Insira as partículas e volumes importados das etapas anteriores como imagens em tamanho real e volumes iniciais, respectivamente, e defina o grupo de simetria para icosaedral. Em seguida, na guia de alinhamento de imagem sob atribuição angular, escolha global, defina a resolução de destino máxima para três angstroms e execute o trabalho. Para realizar um alinhamento local, selecione xmipp3-highres global, mude continue da corrida anterior para sim e selecione o trabalho anterior.
Em seguida, na guia de atribuição angular, altere o alinhamento da imagem para local e defina a resolução máxima de destino para 2,1 angstroms. Após o término, na janela de resultados xmipp3-highres, clique em gráficos de resolução de exibição para ver como o FSC mudou após o refinamento e clique no histograma do plot com alterações angulares para ver se as atribuições de ângulo de Euler mudaram. Inspecione o volume na Quimera UCSF.

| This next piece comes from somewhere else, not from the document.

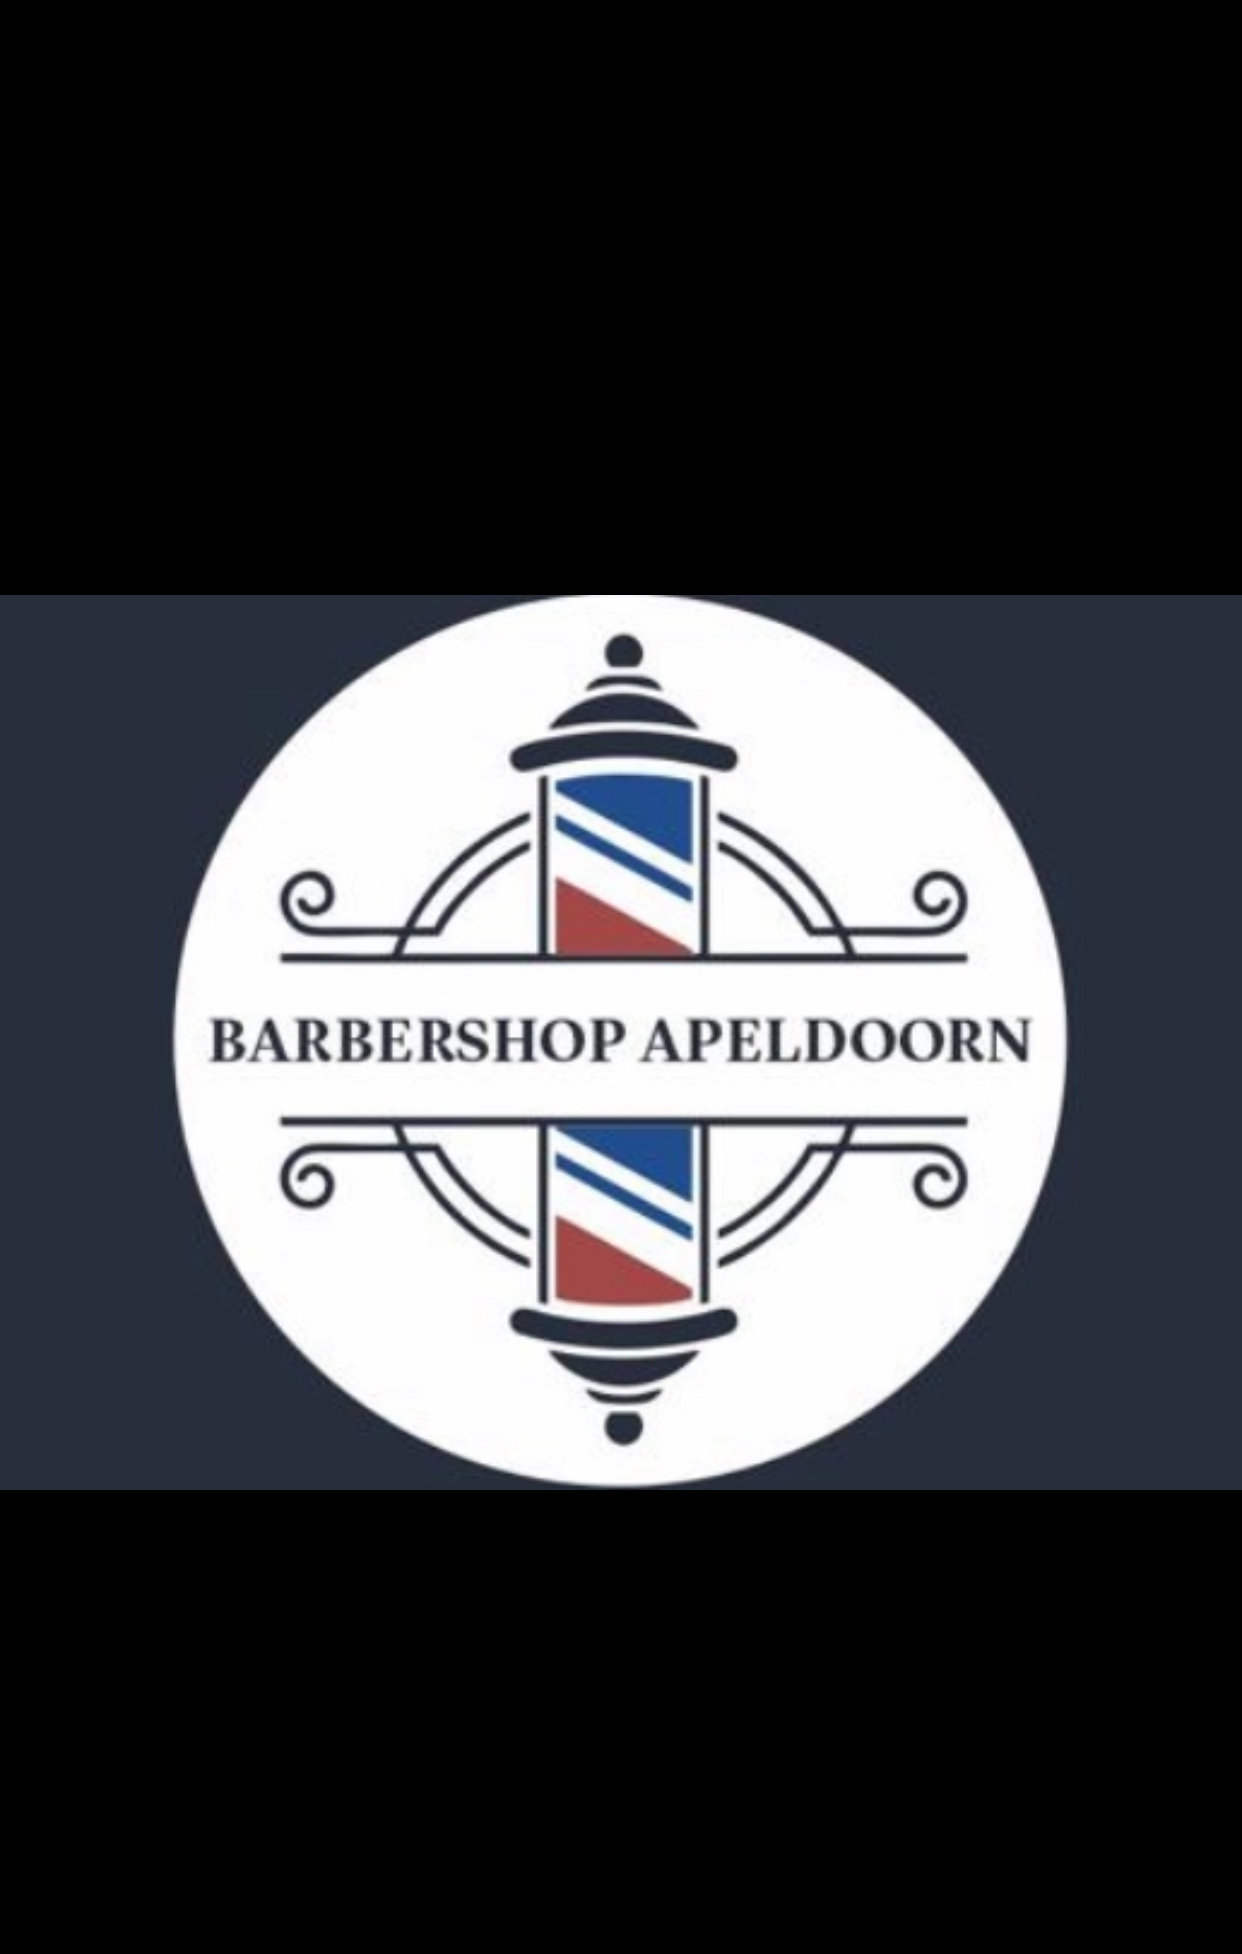 Barbershop Apeldoorn

Amplie e procure recursos de alta resolução. Micrografos com bom ajuste ctf e baixo astigmatismo foram selecionados para posterior processamento, enquanto aqueles com alta astigmatismo e desistência foram descartados. Foram selecionadas médias de classe 2D contendo classes bem definidas, e aquelas com baixa resolução, ruído e partículas parciais foram rejeitadas.
Regiões do mapa de microscopia crio-elétron equipado com coordenadas atômicas de um vírus associado ao adeno são mostradas aqui. As densidades em bem definidas permitem a montagem de cadeias laterais de aminoácidos individuais, moléculas de água e íons de magnésio. As curvas FSC calculadas usando o CryoSPARC v3, RELION-3 e Scipion indicam uma resolução crescente em todo o fluxo de trabalho, as estimativas de resolução em quatro fatias diferentes através das estruturas e histogramas de resolução demonstram a melhoria incremental na resolução local entre os mapas ao longo do fluxo de trabalho.
A combinação de algoritmos de processamento crio-EM de CryoSPARC, RELION-3, Scipion e Phoenix resultou em um aumento de resolução das estruturas de vírus associadas ao adeno de 2,9 para 2,3 angstroms em todo o pipeline de processamento. É importante lembrar que os parâmetros especificados em cada etapa são amostrais e dependentes de microscópio. Além disso, a capacidade de alcançar alta resolução depende muito da qualidade da amostra e dos dados brutos.
Neste vídeo, apresentamos o robusto fluxo de trabalho de SP para processamento de dados crio-EM em várias plataformas de software. Usando essa abordagem, pode-se implementar algoritmos para vários programas para refinar e validar estruturas criogenas. Este fluxo de trabalho pode ser aplicado aos cálculos estruturais de uma grande variedade de conjuntos macromoleculares.